Argentina Resident Owning a U.S. LLC: No-Treaty Tax Guide (2025-2026)
Treaty benefit source hierarchy
How to support a treaty position back to primary sources.
Treaty article
The specific U.S. income-tax treaty provision you rely on.
Internal Revenue Code
How U.S. law interacts with the treaty position.
Treasury regulations & guidance
How the IRS interprets and applies the rule.
Disclose on Form 8833
Report a treaty-based return position when required.
Key Takeaways
- Argentine founders should start from default U.S. rules.
- The home-country file matters a great deal in a no-treaty structure.
- The U.S. LLC still needs a clean payee and owner-funding file.
- One shared cross-border file makes the structure easier to manage.
Argentine founders should expect the home-country file to matter a lot
Argentina is not on the current IRS treaty list, so the U.S. side often starts from default rules. That makes the residence-country reporting file more important because any relief or credit planning usually has to be handled locally rather than through a treaty shortcut.

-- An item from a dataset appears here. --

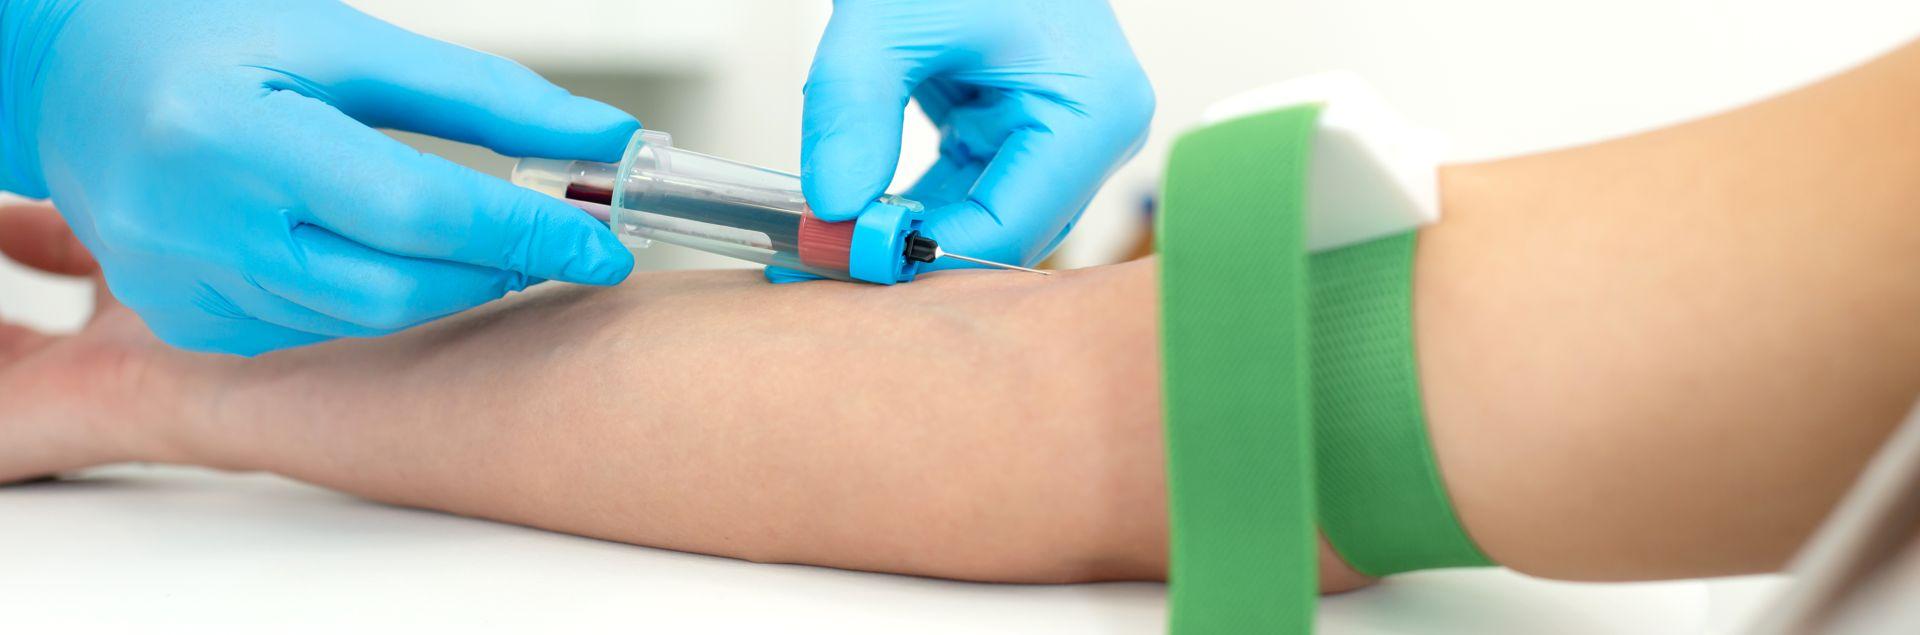 Uma coleta de exame de sangue com um acesso a vácuo

The local side is not an afterthought here.
The U.S. LLC still needs a clean U.S. identity
Even in a no-treaty country, the U.S. LLC should have a consistent payee story, W-8 documentation where relevant, and a complete owner-funding ledger. Weak U.S. records make the no-treaty structure harder, not easier.
The entity still has to earn credibility.

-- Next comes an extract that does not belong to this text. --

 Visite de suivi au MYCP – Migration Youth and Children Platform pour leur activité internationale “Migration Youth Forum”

Argentine founders should build one cross-border file, not two disconnected ones
Keep the U.S. documents, platform statements, and local reporting support together. That way the structure can be explained as one business rather than as two incompatible bookkeeping systems.
That is what keeps the year-end process manageable.
Frequently Asked Questions
Does Argentina have a current U.S. income tax treaty?
Not on the current IRS treaty list.
What should Argentine founders organize first?
Organize the income-type file, owner-funding ledger, and the local reporting support documents.
Why does the home-country file matter so much?
Because any local relief or credit planning generally has to be handled there rather than through a U.S. treaty route.